09:29:18 INFO nova.openstack.common.service [-] Caught SIGTERM, exiting
...
09:29:37 INFO nova.compute.manager [-] [instance: 7ea3e761-6b85-49db-8dcc-79f6f2286df8] VM Started (Lifecycle Event)
09:29:37 INFO nova.compute.manager [-] [instance: 7ea3e761-6b85-49db-8dcc-79f6f2286df8] VM Paused (Lifecycle Event)
...
09:34:37 WARNING nova.virt.libvirt.driver [req-9cdbba9c-af3b-4845-9deb-c68bffe63d75 None] Timeout waiting for vif plugging callback for instance 7ea3e761-6b85-49db-8dcc-79f6f2286df8
09:34:37 INFO nova.compute.manager [-] [instance: 7ea3e761-6b85-49db-8dcc-79f6f2286df8] VM Stopped (Lifecycle Event)
09:34:38 INFO nova.virt.libvirt.driver [req-9cdbba9c-af3b-4845-9deb-c68bffe63d75 None] [instance: 7ea3e761-6b85-49db-8dcc-79f6f2286df8] Deleting instance files /var/lib/nova/instances/7ea3e761-6b85-49db-8dcc-79f6f2286df8
09:34:38 ERROR nova.compute.manager [req-9cdbba9c-af3b-4845-9deb-c68bffe63d75 None] [instance: 7ea3e761-6b85-49db-8dcc-79f6f2286df8] Instance failed to spawn
09:34:38 TRACE nova.compute.manager [instance: 7ea3e761-6b85-49db-8dcc-79f6f2286df8] Traceback (most recent call last):
09:34:38 TRACE nova.compute.manager [instance: 7ea3e761-6b85-49db-8dcc-79f6f2286df8] File "/usr/lib/python2.7/dist-packages/nova/compute/manager.py", line 1773, in _spawn
09:34:38 TRACE nova.compute.manager [instance: 7ea3e761-6b85-49db-8dcc-79f6f2286df8] block_device_info)
09:34:38 TRACE nova.compute.manager [instance: 7ea3e761-6b85-49db-8dcc-79f6f2286df8] File "/usr/lib/python2.7/dist-packages/nova/virt/libvirt/driver.py", line 2299, in spawn
09:34:38 TRACE nova.compute.manager [instance: 7ea3e761-6b85-49db-8dcc-79f6f2286df8] block_device_info)
09:34:38 TRACE nova.compute.manager [instance: 7ea3e761-6b85-49db-8dcc-79f6f2286df8] File "/usr/lib/python2.7/dist-packages/nova/virt/libvirt/driver.py", line 3745, in _create_domain_and_network
09:34:38 TRACE nova.compute.manager [instance: 7ea3e761-6b85-49db-8dcc-79f6f2286df8] raise exception.VirtualInterfaceCreateException()
09:34:38 TRACE nova.compute.manager [instance: 7ea3e761-6b85-49db-8dcc-79f6f2286df8] VirtualInterfaceCreateException: Virtual Interface creation failed
09:34:38 TRACE nova.compute.manager [instance: 7ea3e761-6b85-49db-8dcc-79f6f2286df8]

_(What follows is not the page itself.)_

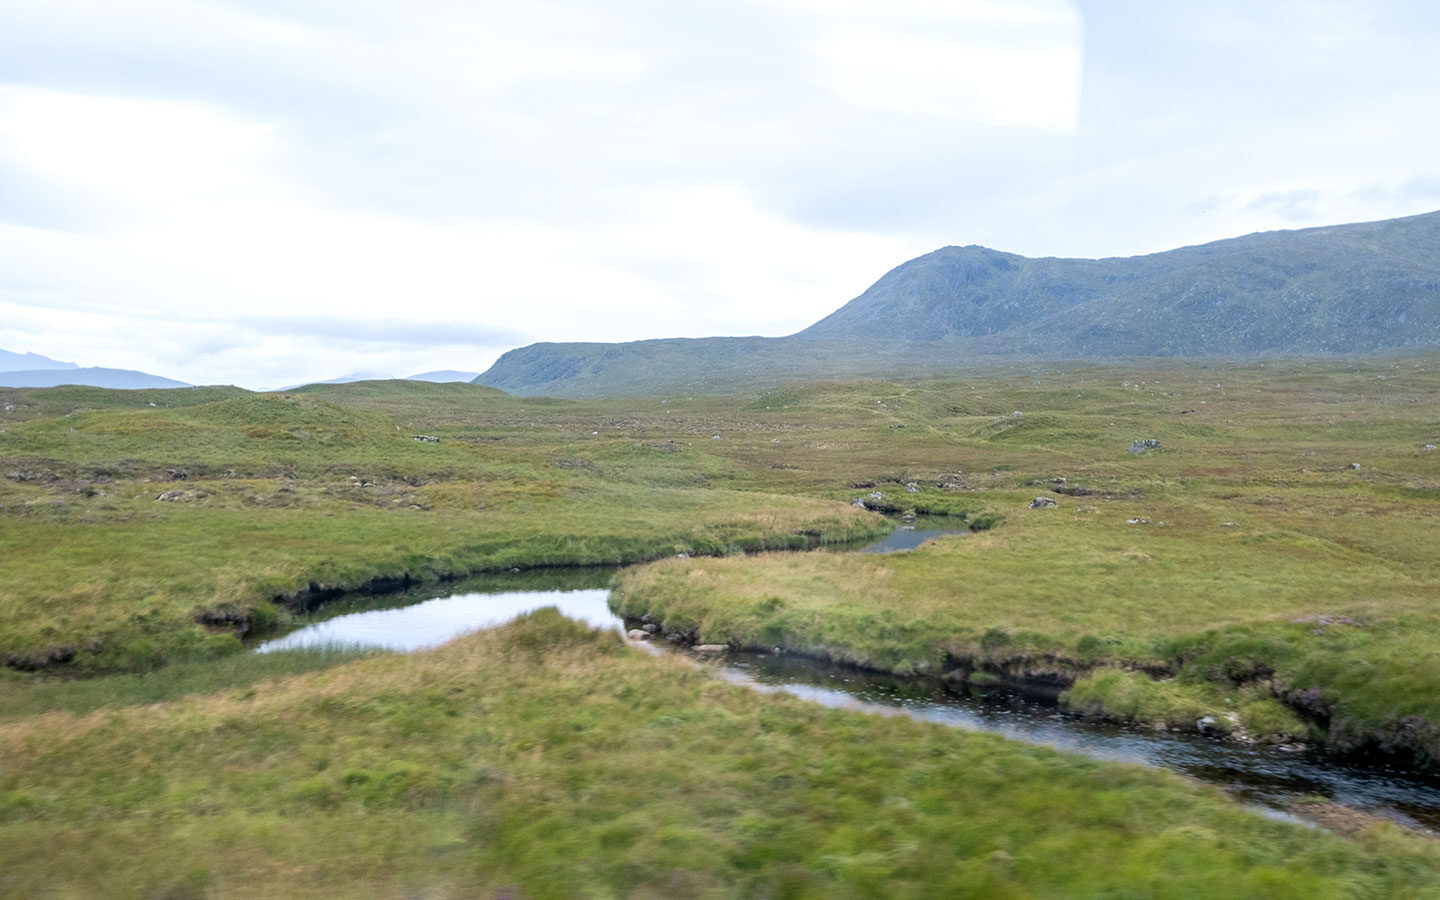 Views of the Scottish Highlands from the train window

tags: added: customer-found
Revision history for this message
Roman Podoliaka (rpodolyaka) wrote :

Ok, so my current understanding of the problem is described on this sequence diagram - http://goo.gl/QAfcKU

Basically, the way graceful shutdown is implemented for RPC servers like nova-compute is that upon receiving of SIGTERM, RPC threads pool is resized to 0, no new RPC requests are accepted, nova-compute waits until all RPC threads end. At the same time, nova-compute relies on receiving of a notification from nova-api, that neutron has finished plugging in VIFs, so nova-compute is stuck waiting for a message it cannot handle and exits after graceful shutdown timeout (300s) leaving a VM in paused state. After restarting nova-compute all VMs in half-provisioned state are put into ERROR state.

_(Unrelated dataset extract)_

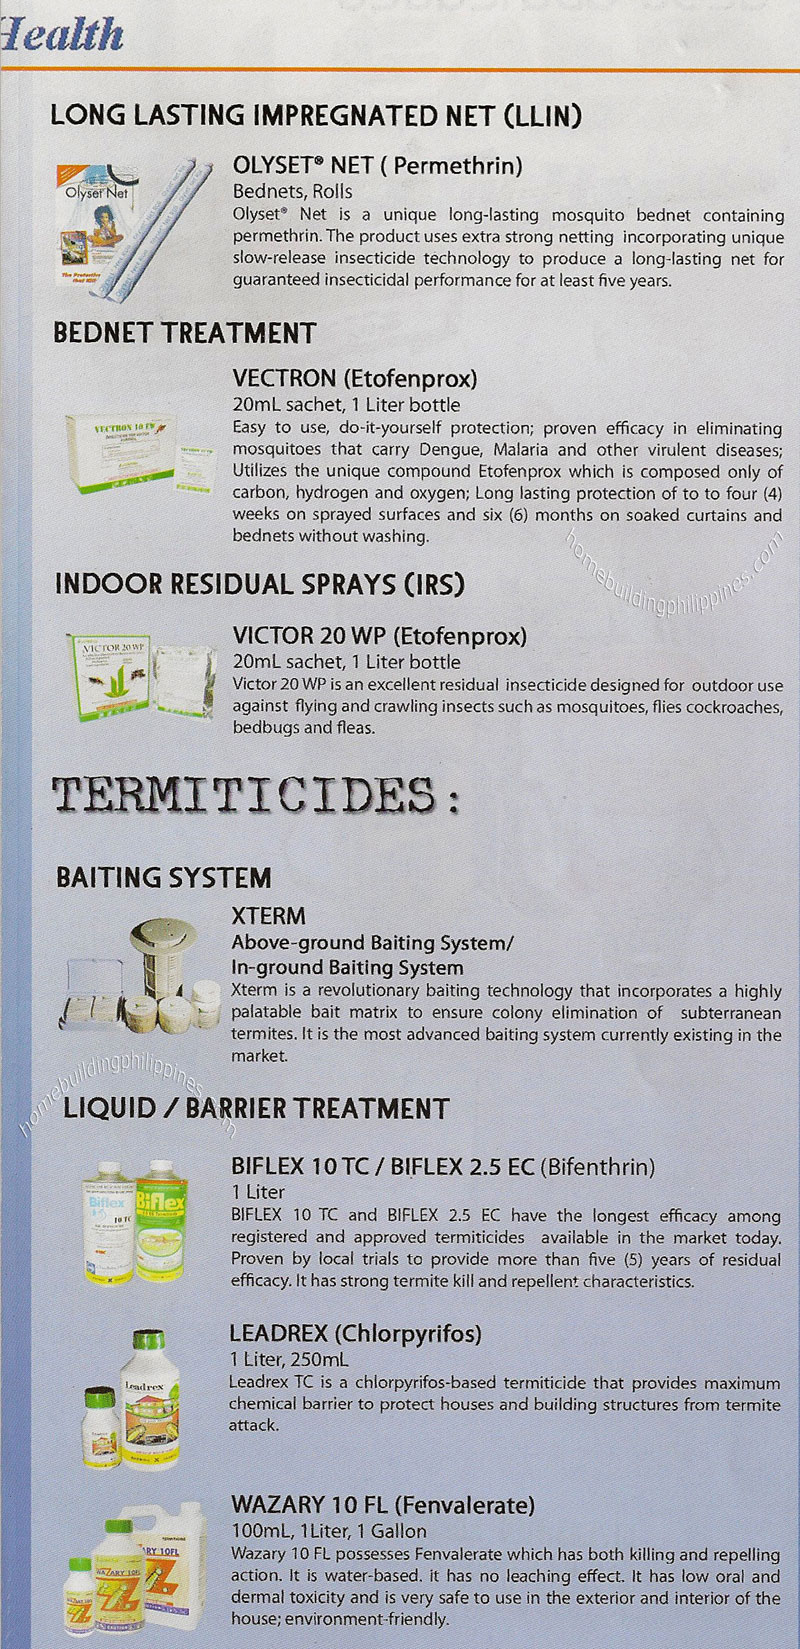 Termiticides: Baiting System; Barrier Treatment

Revision history for this message
Jay Pipes (jaypipes) wrote :

Yes, Roman is correct about the root cause of this problem. A possible solution to this in Nova/oslo.service might be to do some sort of in-flight conntracking in the RPC service daemon. Basically, at the time of receipt of the SIGTERM, the service would know the in-flight operations and only accept RPC messages with a request ID matching one of the in-flight operations, along with a global timeout value?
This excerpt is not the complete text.